When the Achaic League was re-established in 280 BC BC Bura was ruled by a tyrant, but the residents in 275 BC. In his castle of refuge. In the neighboring town of Kerynea, their tyrant voluntarily gave up. Then Bura and Kerynea joined the Second Achaic Covenant. A number of ancient writers also mention the nearby oracle cave of Heracles Buraikos , which can still be visited today. In the cave, four dice were thrown on a table. Based on the signs on the dice, one could read the future on a blackboard. The pyramid-like cave is also depicted on a coin from the city of Bura.

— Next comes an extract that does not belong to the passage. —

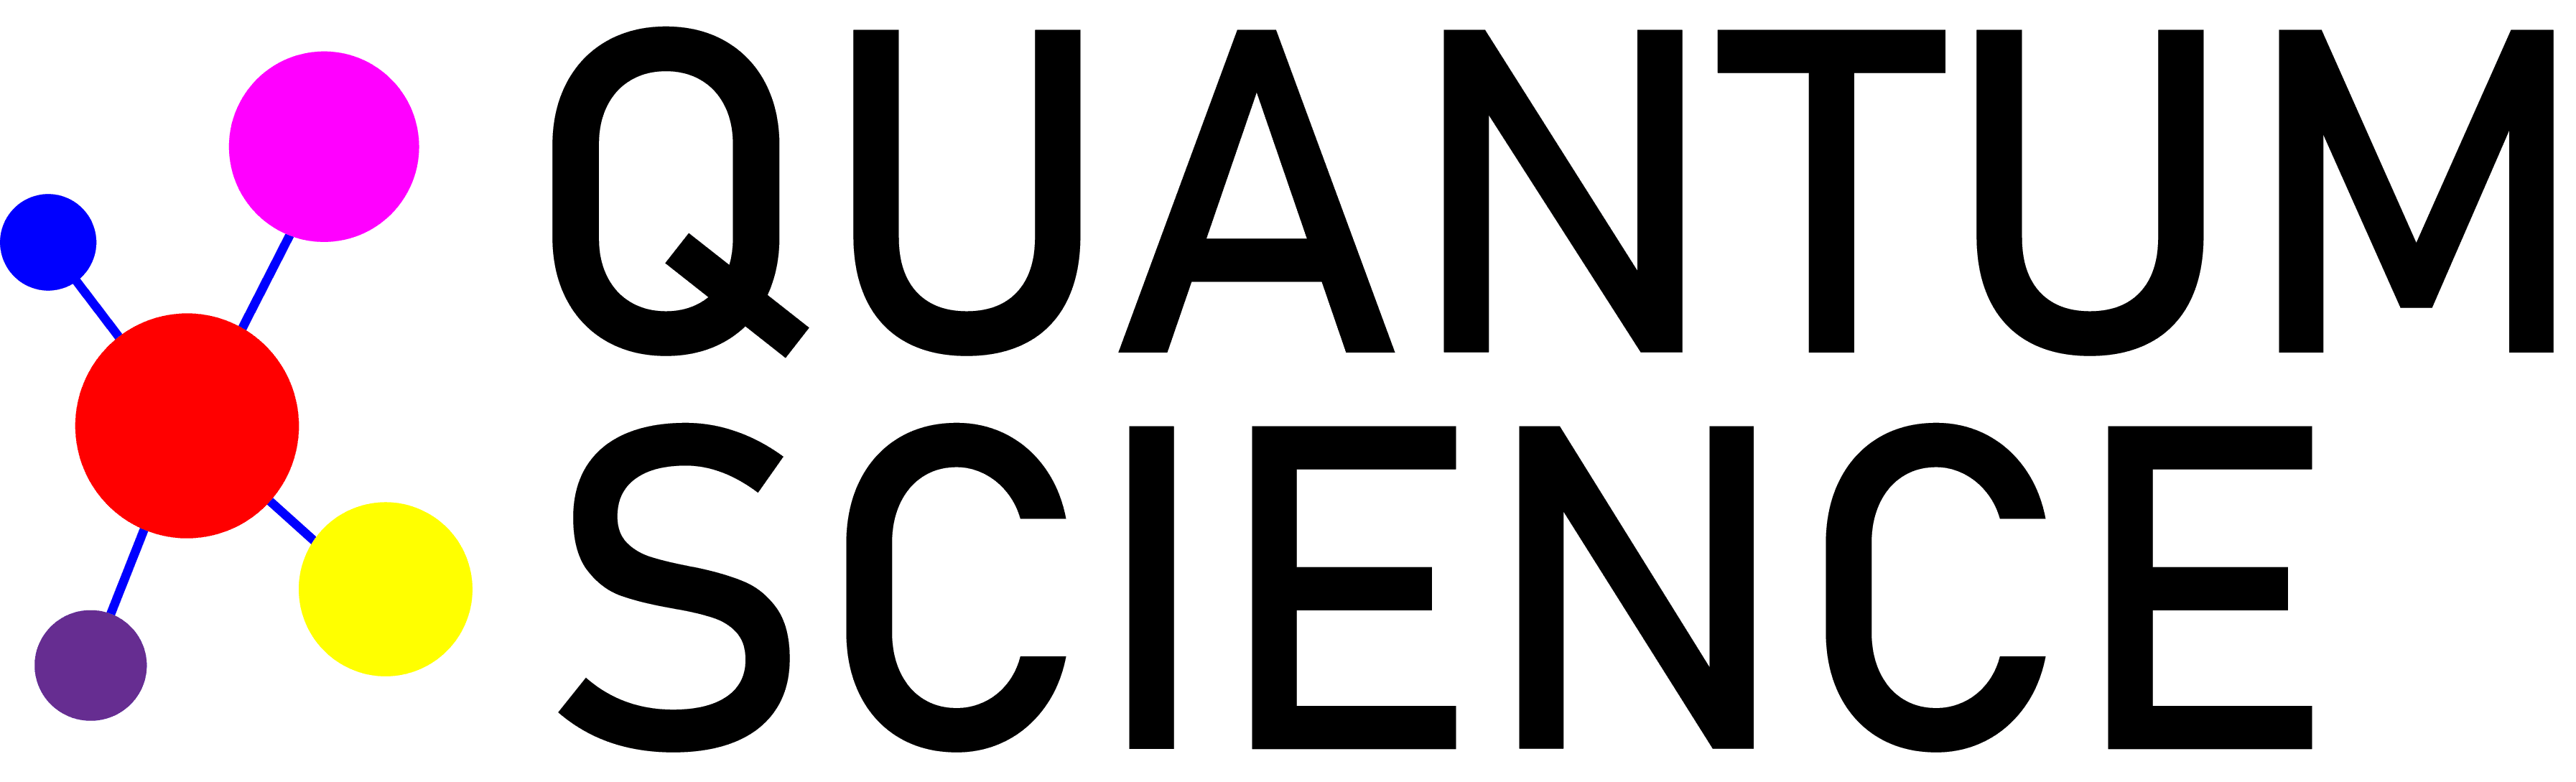 Product Quantum Science partnership puts academic expertise at the heart of cutting-edge nanomaterials research - Quantum Science Ltd image

Diocese of Bura / Kernitsa

Bura was mentioned as a town at the end of the 7th century AD just before the Slavic invasions. A medieval ruin on the ridge indicates that Bura was not completely abandoned. The church documents indicate that there was a bishopric of Bura-Kernitsa. Bura with its surroundings was called Kernitsa. In 1380 the bishop of Kernitsa, Mathaeus, dared to rise to the rank of metropolitan, but he only succeeded for ten months. The last bishop of Kernitsa and Kalavryta was Prokopios. He played a bigger role in the uprising of 1821 against Turkish rule and signed an appeal to the European consuls. In one document Prokopios is called "Bishop of Bura". designated. Apparently this is a relic of the traditional equation Bura-Kernitsa.

literature

Individual evidence

  1. ^ Samuel Wilhelm Hoffmann: Greece and the Greeks in antiquity. 1841, p. 836.
  2. Pausanias, Description of Greece 7,25,8.
  3. ^ A b c d Ernst Meyer: Peloponnesian migrations. Max Niehans, Zurich / Leipzig 1939, pp. 127 and 133–140.
  4. ^ Ernst Meyer: New Peloponnesian migrations. Francke, Bern 1957, pp. 82-86.
  5. Ovid, Metamorphoses 15.293.
  6. Pliny the Elder, Naturalis historia 2.94.
  7. Diodor, Bibliotheca historica 15: 4-8.
  8. Strabon, Geographika 8,7,5.
  9. ^ Ernst Meyer: New Peloponnesian migrations. Francke, Bern 1957, pp. 82-86.
  10. ^ Samuel Wilhelm Hoffmann: Greece and the Greeks in antiquity. 1841, p. 836.
  11. Polybios , History 2.41.
  12. ^ Samuel Wilhelm Hoffmann: Greece and the Greeks in antiquity. 1841, p. 836.